Exercise: The data below is to be repeated in full, exactly as given.

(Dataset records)
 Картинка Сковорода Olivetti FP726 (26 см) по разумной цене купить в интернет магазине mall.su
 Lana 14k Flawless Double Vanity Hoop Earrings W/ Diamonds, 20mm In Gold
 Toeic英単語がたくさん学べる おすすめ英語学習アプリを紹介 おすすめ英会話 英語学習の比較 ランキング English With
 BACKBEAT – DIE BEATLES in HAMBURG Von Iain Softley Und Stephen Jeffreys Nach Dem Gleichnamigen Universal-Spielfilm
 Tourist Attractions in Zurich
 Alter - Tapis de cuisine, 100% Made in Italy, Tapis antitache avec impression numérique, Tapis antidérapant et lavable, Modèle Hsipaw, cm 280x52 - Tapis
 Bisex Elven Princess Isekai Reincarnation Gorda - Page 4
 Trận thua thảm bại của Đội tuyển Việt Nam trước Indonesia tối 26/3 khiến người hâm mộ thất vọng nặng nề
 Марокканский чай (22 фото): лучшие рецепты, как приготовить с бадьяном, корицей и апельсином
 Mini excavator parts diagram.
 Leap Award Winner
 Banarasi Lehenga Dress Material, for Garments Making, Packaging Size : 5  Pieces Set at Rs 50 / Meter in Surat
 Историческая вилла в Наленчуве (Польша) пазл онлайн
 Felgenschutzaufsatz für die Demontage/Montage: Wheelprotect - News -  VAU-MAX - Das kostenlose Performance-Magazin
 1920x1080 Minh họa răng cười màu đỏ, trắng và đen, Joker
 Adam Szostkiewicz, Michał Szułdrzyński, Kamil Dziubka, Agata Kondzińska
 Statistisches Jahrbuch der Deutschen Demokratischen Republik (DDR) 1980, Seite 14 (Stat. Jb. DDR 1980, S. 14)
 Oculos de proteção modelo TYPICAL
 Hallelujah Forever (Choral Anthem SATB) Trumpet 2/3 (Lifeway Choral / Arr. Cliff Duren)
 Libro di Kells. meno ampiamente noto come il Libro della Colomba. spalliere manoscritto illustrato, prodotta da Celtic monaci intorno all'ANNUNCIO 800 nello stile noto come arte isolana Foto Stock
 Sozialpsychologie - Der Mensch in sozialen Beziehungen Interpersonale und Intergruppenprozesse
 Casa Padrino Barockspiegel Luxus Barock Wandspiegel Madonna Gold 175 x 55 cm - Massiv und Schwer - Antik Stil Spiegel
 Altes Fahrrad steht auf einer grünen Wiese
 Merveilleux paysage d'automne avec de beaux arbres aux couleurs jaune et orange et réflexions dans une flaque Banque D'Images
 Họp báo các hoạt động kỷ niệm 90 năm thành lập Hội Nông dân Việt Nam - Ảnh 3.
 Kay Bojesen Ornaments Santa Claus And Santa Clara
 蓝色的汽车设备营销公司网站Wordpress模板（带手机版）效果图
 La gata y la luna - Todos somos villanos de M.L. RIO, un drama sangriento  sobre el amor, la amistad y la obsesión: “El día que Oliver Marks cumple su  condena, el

Finished exercise:
 Картинка Сковорода Olivetti FP726 (26 см) по разумной цене купить в интернет магазине mall.su
 Lana 14k Flawless Double Vanity Hoop Earrings W/ Diamonds, 20mm In Gold
 Toeic英単語がたくさん学べる おすすめ英語学習アプリを紹介 おすすめ英会話 英語学習の比較 ランキング English With
 BACKBEAT – DIE BEATLES in HAMBURG Von Iain Softley Und Stephen Jeffreys Nach Dem Gleichnamigen Universal-Spielfilm
 Tourist Attractions in Zurich
 Alter - Tapis de cuisine, 100% Made in Italy, Tapis antitache avec impression numérique, Tapis antidérapant et lavable, Modèle Hsipaw, cm 280x52 - Tapis
 Bisex Elven Princess Isekai Reincarnation Gorda - Page 4
 Trận thua thảm bại của Đội tuyển Việt Nam trước Indonesia tối 26/3 khiến người hâm mộ thất vọng nặng nề
 Марокканский чай (22 фото): лучшие рецепты, как приготовить с бадьяном, корицей и апельсином
 Mini excavator parts diagram.
 Leap Award Winner
 Banarasi Lehenga Dress Material, for Garments Making, Packaging Size : 5  Pieces Set at Rs 50 / Meter in Surat
 Историческая вилла в Наленчуве (Польша) пазл онлайн
 Felgenschutzaufsatz für die Demontage/Montage: Wheelprotect - News -  VAU-MAX - Das kostenlose Performance-Magazin
 1920x1080 Minh họa răng cười màu đỏ, trắng và đen, Joker
 Adam Szostkiewicz, Michał Szułdrzyński, Kamil Dziubka, Agata Kondzińska
 Statistisches Jahrbuch der Deutschen Demokratischen Republik (DDR) 1980, Seite 14 (Stat. Jb. DDR 1980, S. 14)
 Oculos de proteção modelo TYPICAL
 Hallelujah Forever (Choral Anthem SATB) Trumpet 2/3 (Lifeway Choral / Arr. Cliff Duren)
 Libro di Kells. meno ampiamente noto come il Libro della Colomba. spalliere manoscritto illustrato, prodotta da Celtic monaci intorno all'ANNUNCIO 800 nello stile noto come arte isolana Foto Stock
 Sozialpsychologie - Der Mensch in sozialen Beziehungen Interpersonale und Intergruppenprozesse
 Casa Padrino Barockspiegel Luxus Barock Wandspiegel Madonna Gold 175 x 55 cm - Massiv und Schwer - Antik Stil Spiegel
 Altes Fahrrad steht auf einer grünen Wiese
 Merveilleux paysage d'automne avec de beaux arbres aux couleurs jaune et orange et réflexions dans une flaque Banque D'Images
 Họp báo các hoạt động kỷ niệm 90 năm thành lập Hội Nông dân Việt Nam - Ảnh 3.
 Kay Bojesen Ornaments Santa Claus And Santa Clara
 蓝色的汽车设备营销公司网站Wordpress模板（带手机版）效果图
 La gata y la luna - Todos somos villanos de M.L. RIO, un drama sangriento  sobre el amor, la amistad y la obsesión: “El día que Oliver Marks cumple su  condena, el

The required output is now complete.